French bacteriologist (born 1948)

Pascale Françoise Xavier Cossart (/fr/; née Gheerbrant; born 21 March 1948) is a French bacteriologist who is affiliated with the Pasteur Institute of Paris. She is the foremost authority on Listeria monocytogenes, a deadly and common food-borne pathogen responsible for encephalitis, meningitis, bacteremia, gastroenteritis, and other diseases.

== Biography ==
Cossart was born in the north of France in 1948. She grew up and attended school in Arras.
Cossart earned a B.S. and M.S. from Lille University in 1968. She then earned an M.S. in chemistry from Georgetown University in 1971, and her Ph.D. in biochemistry at the Pasteur Institute and the University of Paris in 1977 (University Paris Diderot). She completed her postdoctoral fellowship at the Pasteur Institute. She is currently a Professor and Head of the Unité des Interactions Bactéries Cellules at the Pasteur Institute. In 1998, she received the Richard Lounsbery Prize and the L'Oréal-UNESCO Award for Women in Science. She was awarded the Balzan Prize for Infectious Diseases: Basic and Clinical Aspects in 2013.

== Works ==
Cossart's research has focused on infection by intracellular bacteria, and in particular the infectious agent Listeria monocytogenes.
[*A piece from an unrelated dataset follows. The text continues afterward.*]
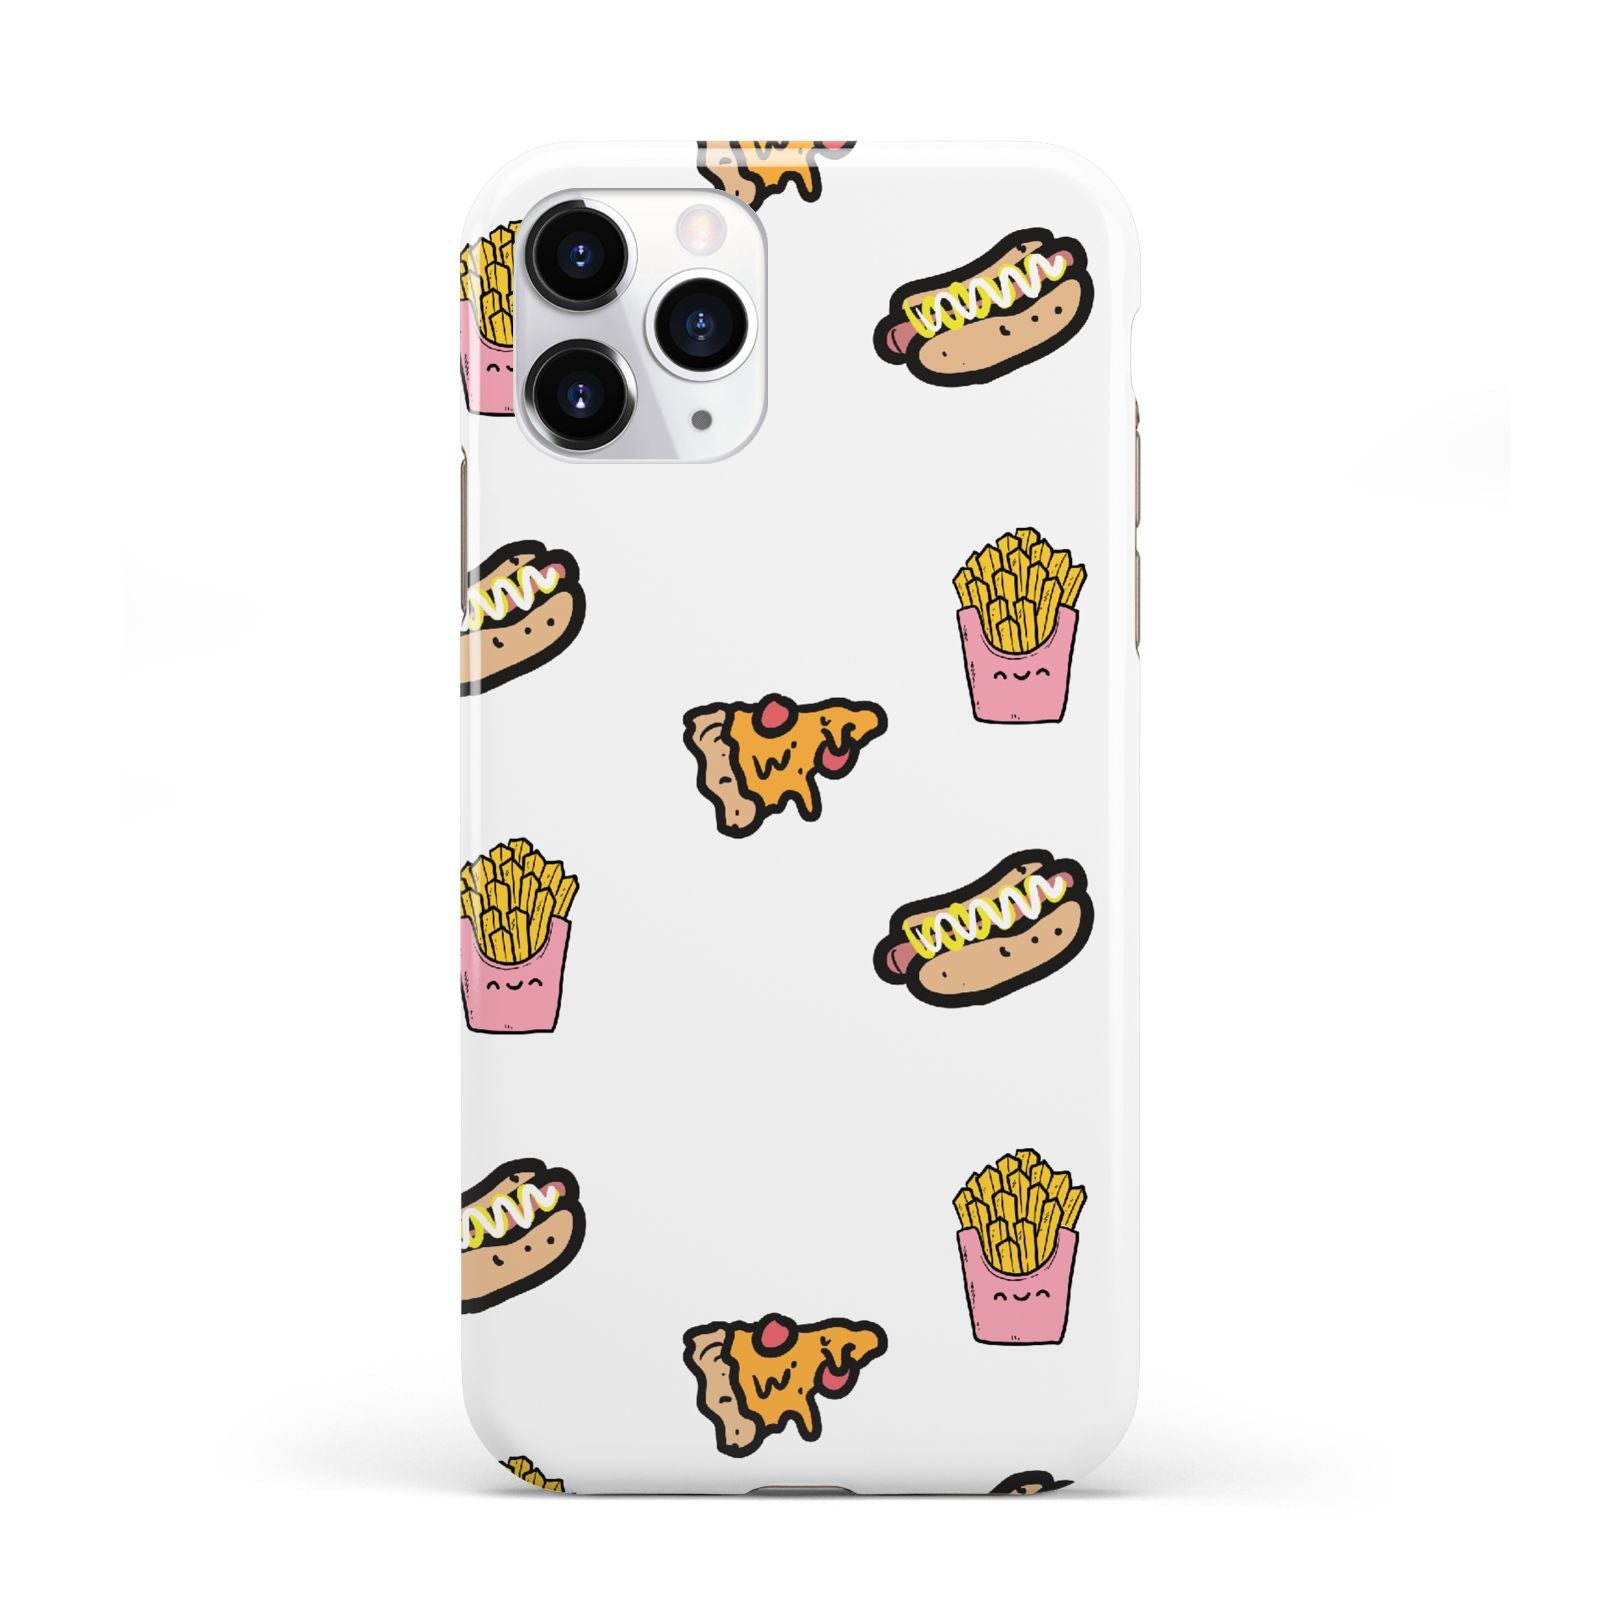 Fries Pizza Hot Dog iPhone 11 Pro 3D Tough Case

Listeria is a food-borne bacterial pathogen responsible for numerous illnesses and a mortality rate of 30%. The bacteria is one of the best models of intracellular parasitism because it is particularly hardy, able to survive in a variety of cells, cross multiple host barriers, and spreads through ActA, the protein responsible for actin-based motility. Cossart's work has shed light on the genetic and biochemical processes that make Listeria so effective and lethal, identifying the bsh gene; regulatory mechanisms such as an RNA thermosensor that control expression of the virulence genes such as bsh; and the ways in which Listeria enters cells and crosses physiological barriers such as the blood–brain barrier, the intestinal barrier, and the placental barrier. The discovery by Cossart's lab of the interaction between L. monocytogenes protein, internalin, and its cell receptor, E-cadherin, was the first such study that successfully demonstrated the molecular mechanism that permits a bacterial agent to cross the placental barrier.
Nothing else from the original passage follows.